9 Features			30 Features
Overall Accuracy	0.68		Overall Accuracy	0.84
	Precision	Recall		Precision	Recall
No Call	0.9	0.73	No Call	0.89	0.91
Squeak	0.29	0.17	Squeak	0.2	0.19
Low Yap	0.14	0.07	Low Yap	0	0

Table 1: This table compares the overall accuracy of each data set given the number of features in a feature vector. It gives average precision and recall values for each class, derived from k-fold cross-validation where k=10. The HMMs involved used 2 states. The overall data distribution was 21049 no whale calls, 119 squeaks, and 62 low yaps.

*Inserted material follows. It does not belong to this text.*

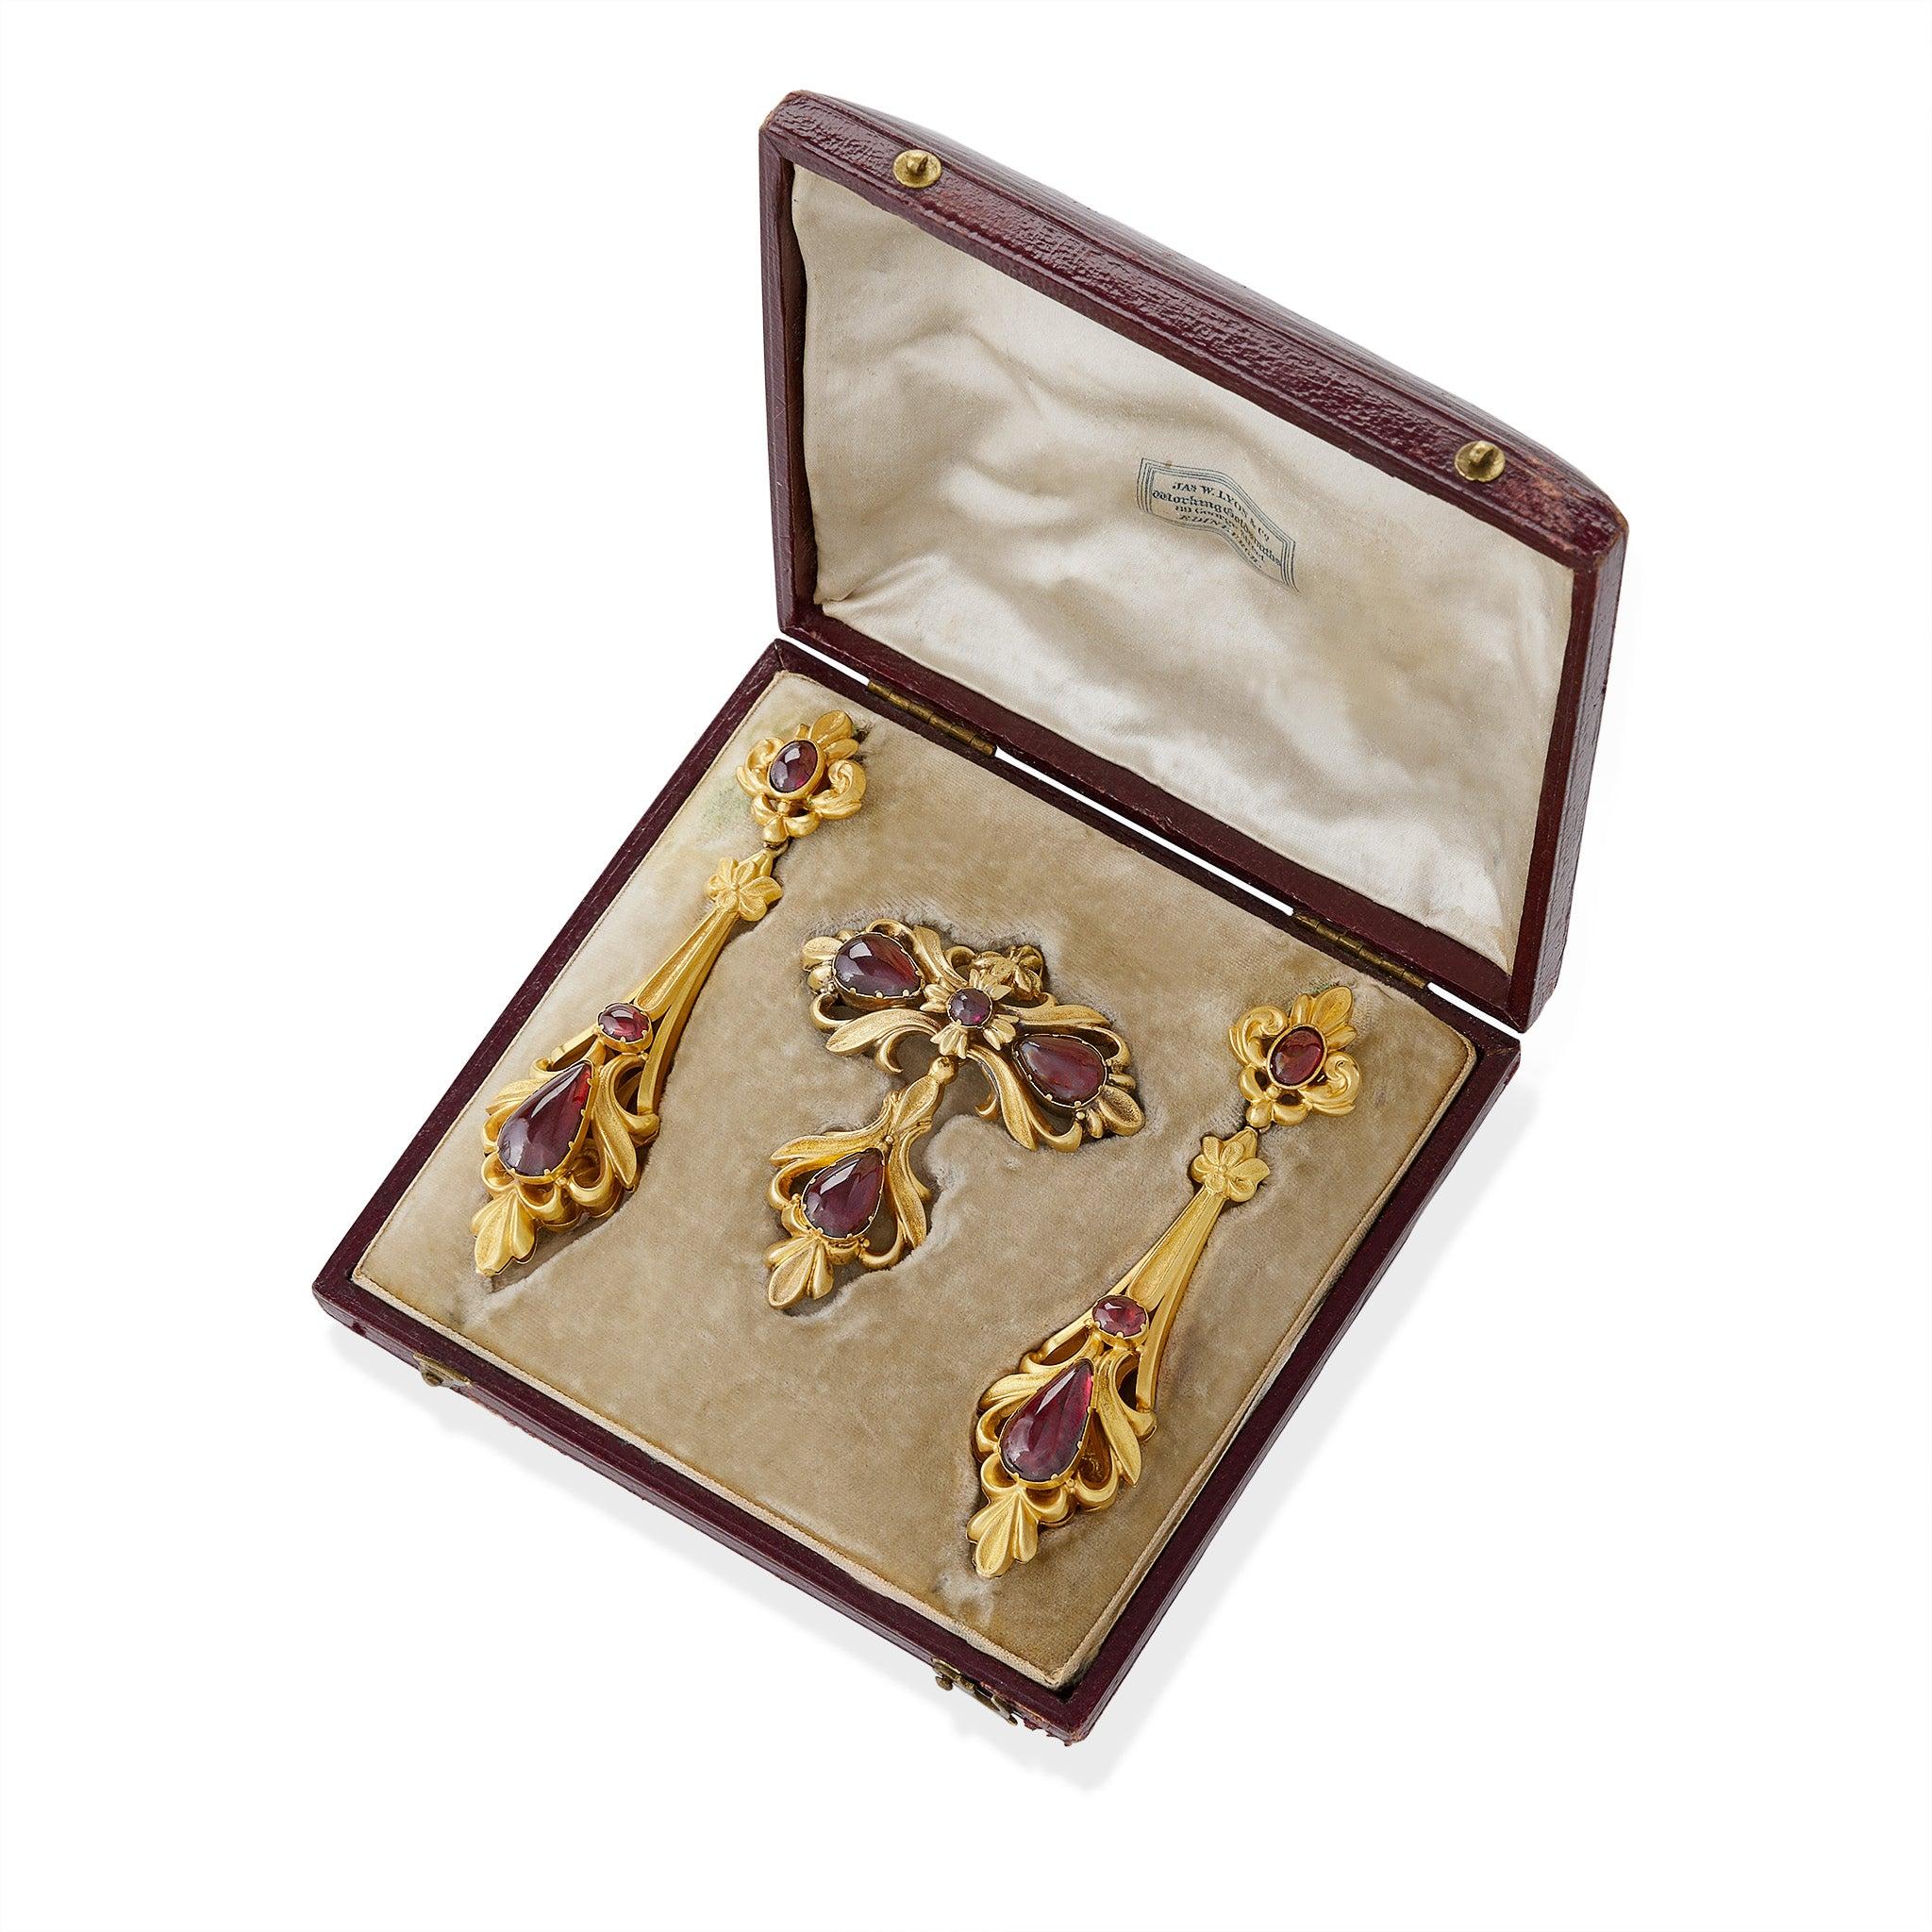 This antique Victorian 15K gold demi-parure comprising pendant earrings and pendant brooch with chain is set with over 10.00 carats of cabochon almandine garnets. The elongated pendant earrings are designed as scrolling leaf motif tops, each with an

Additionally, the noise across different data sets varied causing individual data sets to perform much better than the full combination. Non whale calls of this data set made up about 98.7% of this data.

9 Features			30 Features
Overall Accuracy	0.72		Overall Accuracy	0.51
	Precision	Recall		Precision	Recall
No Call	0.6	0.77	No Call	0.49	0.48
Squeak	0.46	0.5	Squeak	0.41	0.48
Low Yap	0.5	0.3	Low Yap	0.2	0.1

Table 2: This table compares the overall accuracy of a particular data set a given the number of features in a feature vector. It gives average precision and recall values for each class, derived from k-fold cross-validation where k=10. The HMMs involved used 2 states. The data distribution for this data set was 3692 non whale calls, 29 squeaks, and 19 low yaps.